→ EXERCISE DETAILS
From the entries below, retype only the lines from the one with "wohnportfolios mehrfamilienhäuser micro-living" through the one with "Penghana Boasts Uninterrupted", exactly as written.
:: INFORMATION SUPPLIED
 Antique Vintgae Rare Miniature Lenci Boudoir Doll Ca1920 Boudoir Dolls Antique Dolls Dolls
::::
:: INFORMATION SUPPLIED
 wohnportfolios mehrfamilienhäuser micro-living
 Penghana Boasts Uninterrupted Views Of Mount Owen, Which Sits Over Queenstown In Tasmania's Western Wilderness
::::
→ REPLY TO THE EXERCISE
 wohnportfolios mehrfamilienhäuser micro-living
 Penghana Boasts Uninterrupted Views Of Mount Owen, Which Sits Over Queenstown In Tasmania's Western Wilderness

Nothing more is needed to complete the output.